Now, I fully realize that we cannot serve everyone. But my fear is that we have used that as an excuse to not serve anyone. Or to serve just a few people, so we can place a giant check mark next to Matthew 25 -saying that we’ve done that so now we can move on to the next thing, when really Matthew 25 is inviting us into a new way of living - a way of living marked by generosity. Because the truth about generosity is that it is both a root - something that is what we are about as the people of God, because God has been so generous to us, but also a fruit - as we grow closer to Christ we desire to be more and more generous because we want other people to know about the love of a Savior. The Christian life is a generous life - generous in love, compassion, mercy, faith. The list goes on and on. 
Which leads me to ask - how as a church are we generous in these marks of a Christian life? How are we sowing and harvesting compassion, mercy, love, faith, kindness, and healing. I actually think that folks are looking to the church to be generous friends. And that sometimes people become frustrated with us when we are not generous enough, especially when we claim that we are generous and that our God is generous. The problem creeps in when we make these beautiful and bold statements about generosity, but mean something else - we mean that we are really only generous to each other. That we are friendly with one another. When that is what we mean and we narrow our definition that far, are we truly living into the great commandment as expressed in Matthew 28? 
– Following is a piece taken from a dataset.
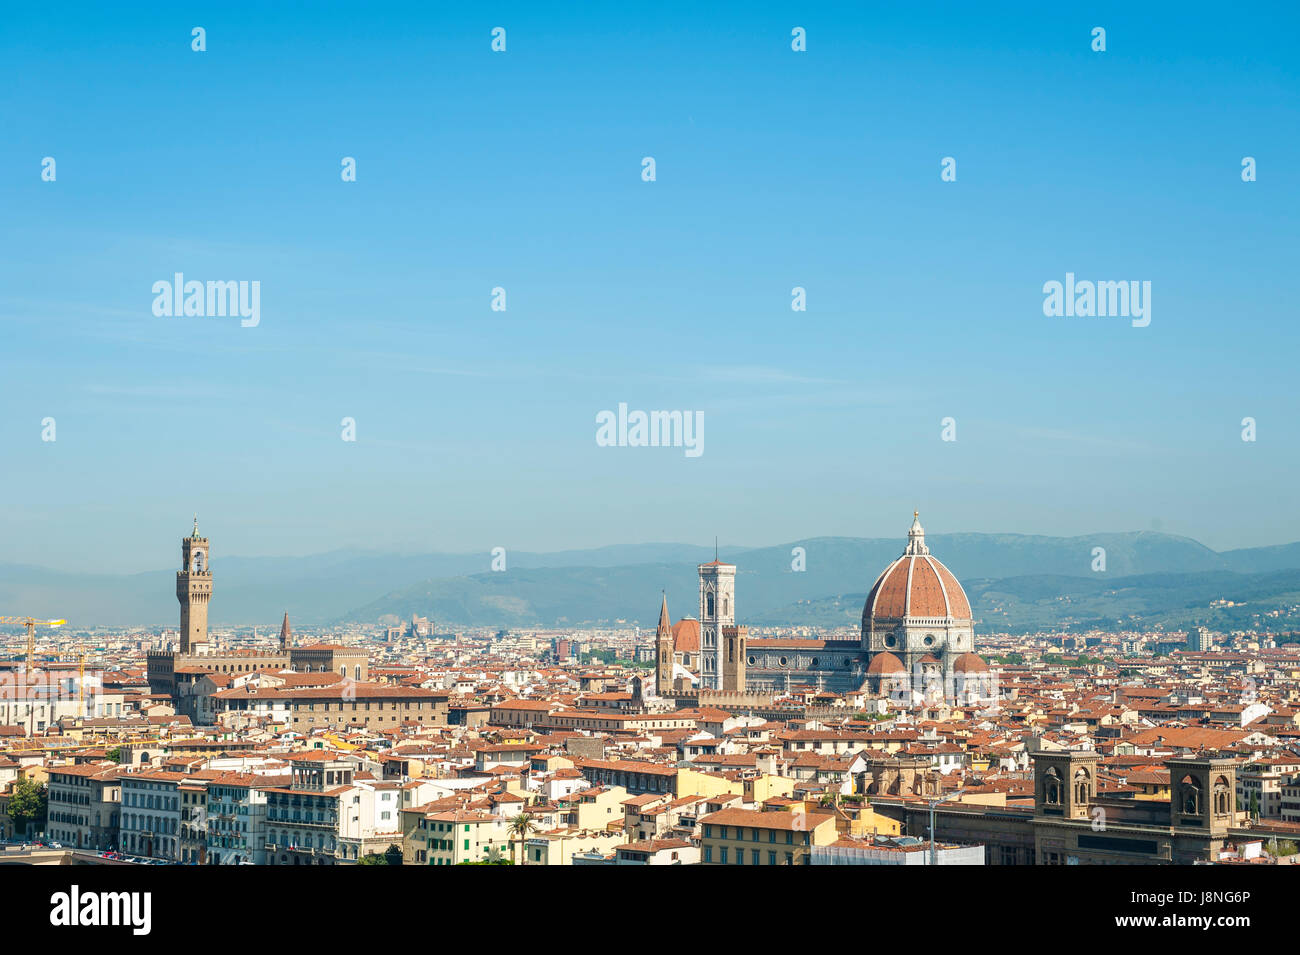 Superbe vue sur l'horizon de Florence, Italie dominé par le dôme de terre cuite de la Cattedrale di Santa Maria del Fiore et la Tour de Arnolfo Banque D'Images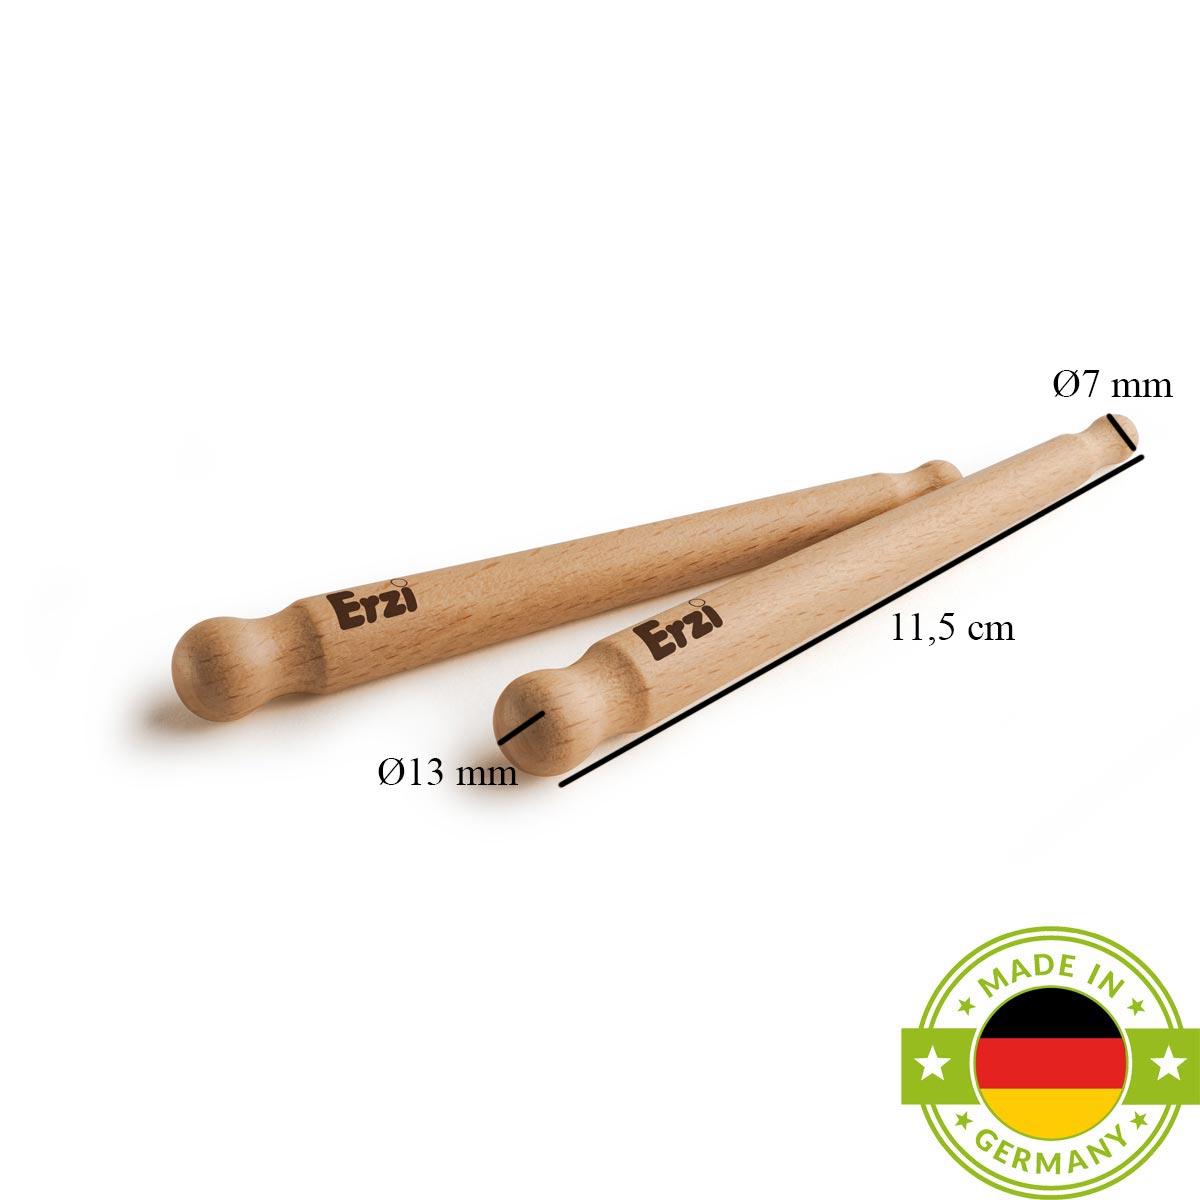 Woodroll Massagestäbchen im 2er Set aus Buchenholz - Hergestellt in Deutschland

The truth is that generosity is a discipleship issue and that is why we are going to spend the next few weeks talking about it deeply. It speaks to each of us personally, but it also helps us examine our focus and heart as a church. A mark of generosity is being outward focused - are we an outward focused church? Do we have a mindset of abundance or scarcity? Are we seeking after God’s vision for us, and do we trust that with the vision, the resources will follow? May we be both generous people and a generous Church all for the sake of the Kingdom of God. Amen.